(Stored data)

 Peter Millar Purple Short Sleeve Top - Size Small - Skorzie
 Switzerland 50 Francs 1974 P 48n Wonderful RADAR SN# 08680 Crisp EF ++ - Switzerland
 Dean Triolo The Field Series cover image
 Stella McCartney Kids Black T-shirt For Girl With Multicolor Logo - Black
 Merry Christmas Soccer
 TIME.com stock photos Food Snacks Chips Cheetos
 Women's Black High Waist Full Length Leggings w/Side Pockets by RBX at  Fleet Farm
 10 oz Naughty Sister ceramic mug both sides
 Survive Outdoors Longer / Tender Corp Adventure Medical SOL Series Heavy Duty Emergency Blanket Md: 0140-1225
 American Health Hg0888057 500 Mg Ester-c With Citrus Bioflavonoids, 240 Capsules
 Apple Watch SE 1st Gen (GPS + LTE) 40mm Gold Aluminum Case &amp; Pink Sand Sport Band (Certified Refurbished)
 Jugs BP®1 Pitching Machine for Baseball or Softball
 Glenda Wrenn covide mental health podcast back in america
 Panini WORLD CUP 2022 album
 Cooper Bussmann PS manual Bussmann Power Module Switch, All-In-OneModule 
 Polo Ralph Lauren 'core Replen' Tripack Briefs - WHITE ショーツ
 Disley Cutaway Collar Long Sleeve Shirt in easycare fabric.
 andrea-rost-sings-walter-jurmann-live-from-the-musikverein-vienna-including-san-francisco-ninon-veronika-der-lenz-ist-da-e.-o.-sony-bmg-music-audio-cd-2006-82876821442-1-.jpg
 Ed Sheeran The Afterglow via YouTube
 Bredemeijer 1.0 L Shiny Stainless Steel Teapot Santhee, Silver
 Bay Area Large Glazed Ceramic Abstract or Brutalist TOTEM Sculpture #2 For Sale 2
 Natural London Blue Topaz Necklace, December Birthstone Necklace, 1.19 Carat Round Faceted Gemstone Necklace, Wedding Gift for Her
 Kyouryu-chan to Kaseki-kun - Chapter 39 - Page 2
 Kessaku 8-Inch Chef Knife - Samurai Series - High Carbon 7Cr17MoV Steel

- TASK:
Lines in the data that hold "Steel" are to be counted, and the number alone reported.

- ANSWER TO THIS PROBLEM:
2